The folks who know better--the ones who raise money for parks and former employees--disagreed. The National Parks Conservation Association and the Coalition of National Park Service Retirees filed suit, asking that the no loaded guns policy established under the Reagan administration be restored.
. . . Meanwhile, the MMS allowed the operators of the BP Deepwater Horizon rig to cut corners. And even with oil erupting into the Gulf, Salazar's underlings approved other underwater drilling permits.
Glass-Steagall
Since the McCain-Cantwell Amendment to the Dodd financial reform bill was introduced, which is effectively a return to the spirit of the Glass-Steagall Banking Act, Senator Dodd and the full weight of the Obama Administration including Bernanke, Geithner, and Summers have been put in play to stop it's incorporation.
Larry Summers:
Last year, Summers pocketed $5 million as a managing director of D.E. Shaw, one of the biggest hedge funds in the world, and another $2.7 million for speeches delivered to Wall Street firms that have received government bailout money. This includes $45,000 from Citigroup and $67,500 each from JPMorgan Chase and the now-liquidated Lehman Brothers.
For a speech to Goldman Sachs executives, Summers walked away with $135,000. This is substantially more than double the earnings for an entire year of high-seniority auto workers, who have been pilloried by the Obama administration and the media for their supposedly exorbitant and "unsustainable" wages.

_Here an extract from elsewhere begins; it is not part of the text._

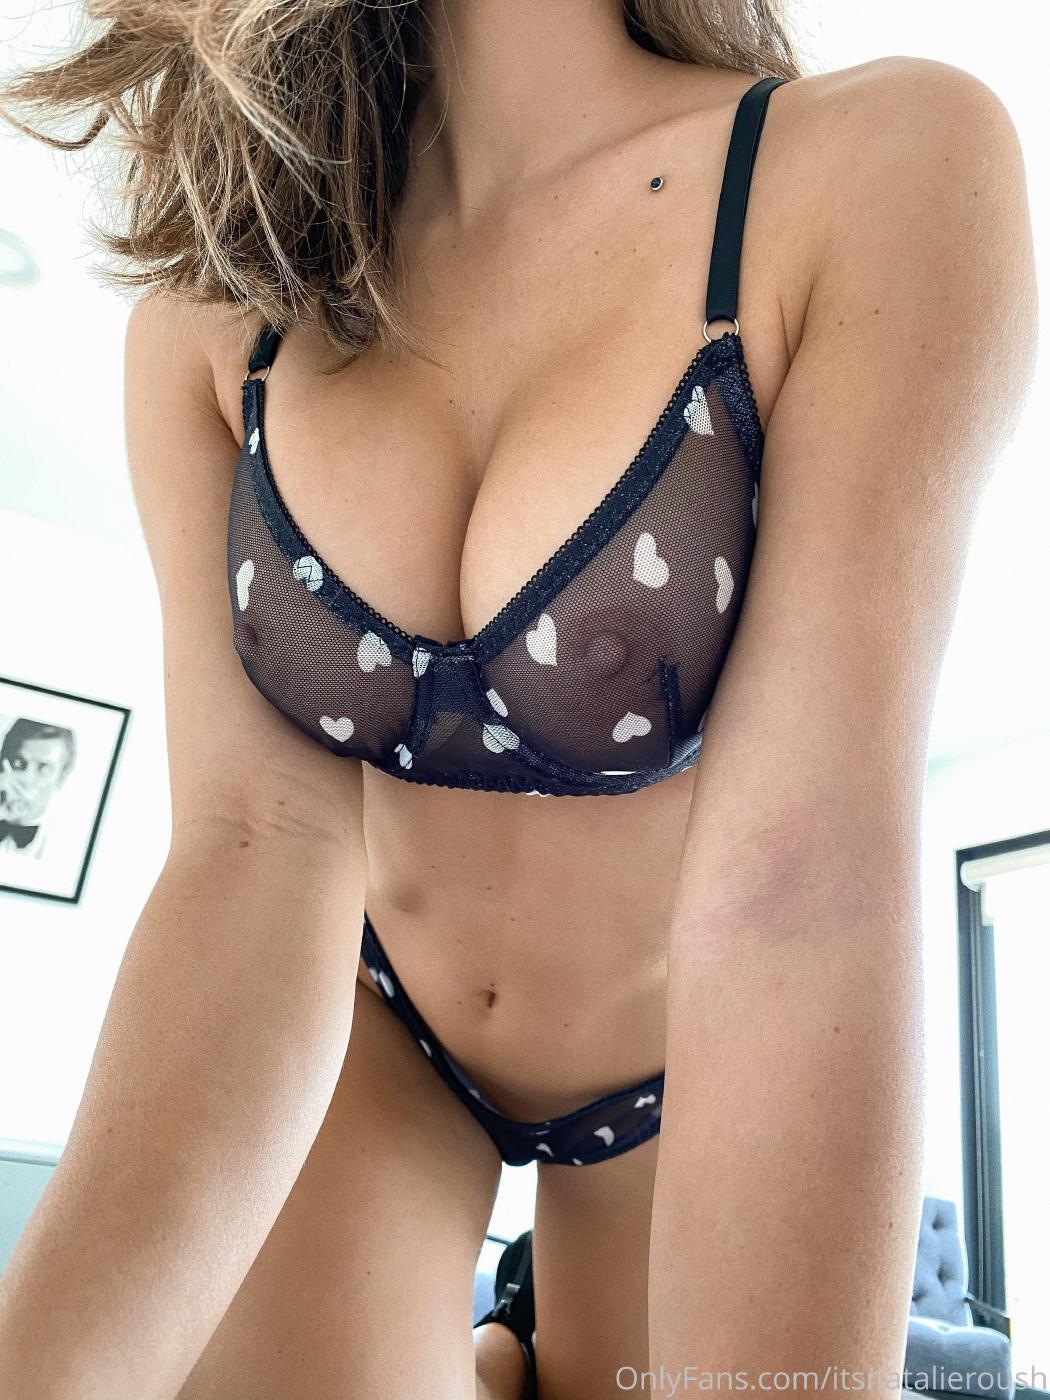 Natalie Roush Black Sheer Lingerie Onlyfans Set Leaked Qabwrg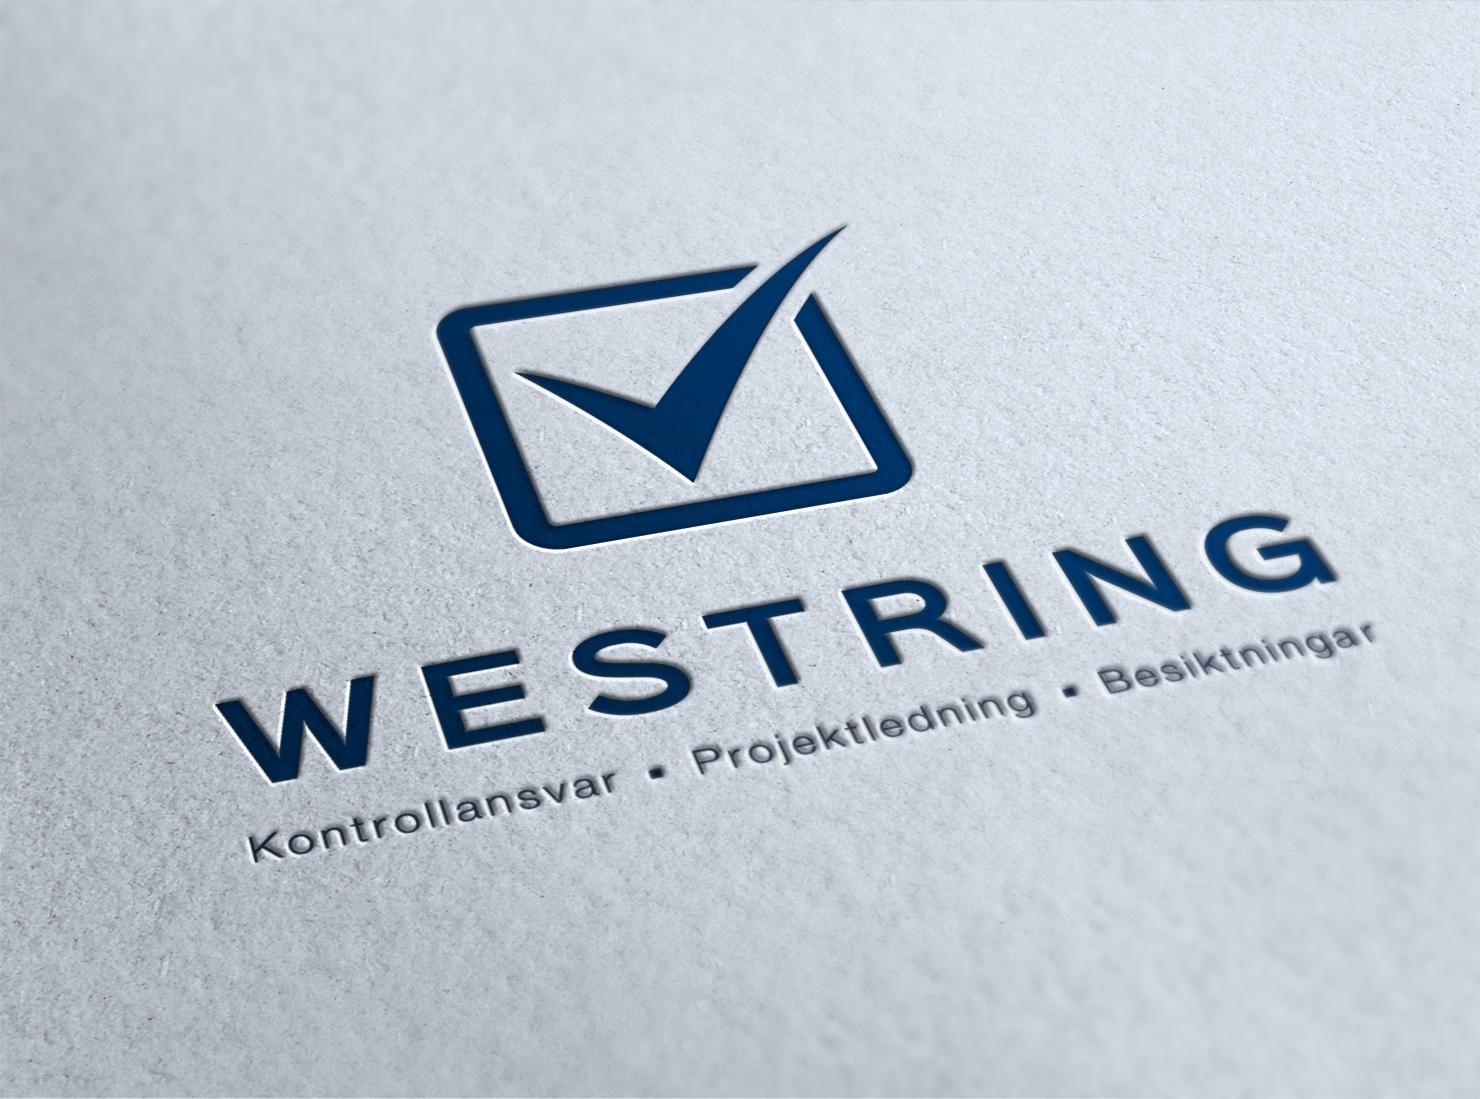 Westring

Alluding diplomatically to the flagrant conflict of interest revealed by these disclosures, the New York Times noted on Saturday: "Mr. Summers, the director of the National Economic Council, wields important influence over Mr. Obama’s policy decisions for the troubled financial industry, including firms from which he recently received payments."
Michael Froman:
Michael Froman, deputy national security adviser for international economic affairs, worked for Citigroup and received more than $7.4 million from the bank from January of 2008 until he entered the Obama administration this year. This included a $2.25 million year-end bonus handed him this past January, within weeks of his joining the Obama administration.
Citigroup has thus far been the beneficiary of $45 billion in cash and over $300 billion in government guarantees of its bad debts.
David Axelrod, Thomas Donilon, Louis Caldera:
David Axelrod, the Obama campaign’s top strategist and now senior adviser to the president, was paid $1.55 million last year from two consulting firms he controls. He has agreed to buyouts that will garner him another $3 million over the next five years. His disclosure claims personal assets of between $7 and $10 million.
Obama’s deputy national security adviser, Thomas E. Donilon, was paid $3.9 million by a Washington law firm whose major clients include Citigroup, Goldman Sachs and the private equity firm Apollo Management.
Louis Caldera, director of the White House Military Office, made $227,155 last year from IndyMac Bancorp, the California bank that heavily promoted subprime mortgages. It collapsed last summer and was placed under federal receivership.
"The presence of multi-millionaire Wall Street insiders extends to second- and third-tier positions in the Obama administration as well."
Yes, Mr President, we have seen the results of gutting regulations and putting industry insiders in charge of industry. Sir, have you?